他にもいろいろと語りたいことあるけどキリがなくなる…。特にスタッフ陣とか…。メイン監督は石田秀範さん、脚本は小林靖子さん、プロデューサーは白倉伸一郎さん。もう、平成ライダーフリークに言わせればありがとうございます!!!!!みたいなメンツが好き勝手やっているというのが最高にエモい。

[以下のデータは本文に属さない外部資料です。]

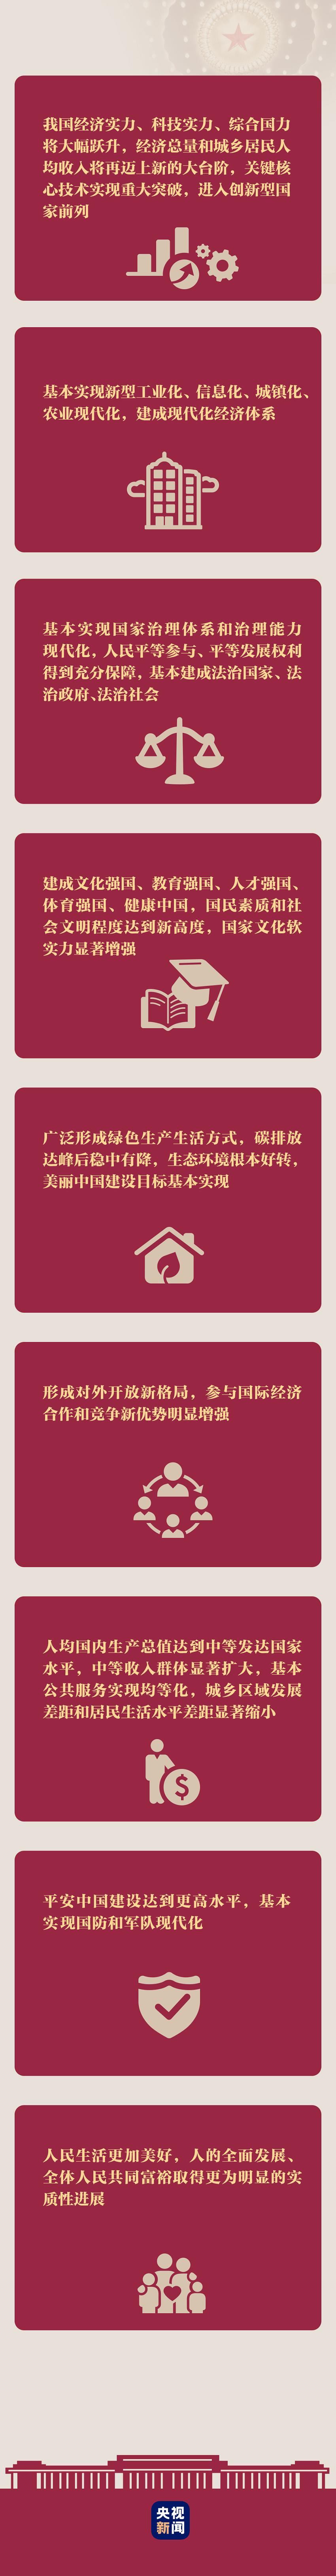 十五年后的中国什么样?一图告诉你

仮面ライダーだけど、仮面ライダーじゃない」って感じるところも結構おもしろいというか。劇中に「仮面ライダー」っていう呼称は1回も出てこないし、白倉プロデューサーが思い描く『単純な勧善懲悪ではないライダー物語』を地でいってるからこそこういう重厚なストーリーでやりくりできるのかなとも思う。

 

Amazonプライム・ビデオでの全話配信が完了して、今はBS朝日TOKYO MXの2局で放送中。来年春には2期の制作も決定しているらしく、まだまだこれから楽しめるコンテンツ。というわけで今年イチオシのライダーコンテンツ、アマゾンズ。おすすめなのでぜひ。これのためだけにAmazonプライム入っても損しないと思う。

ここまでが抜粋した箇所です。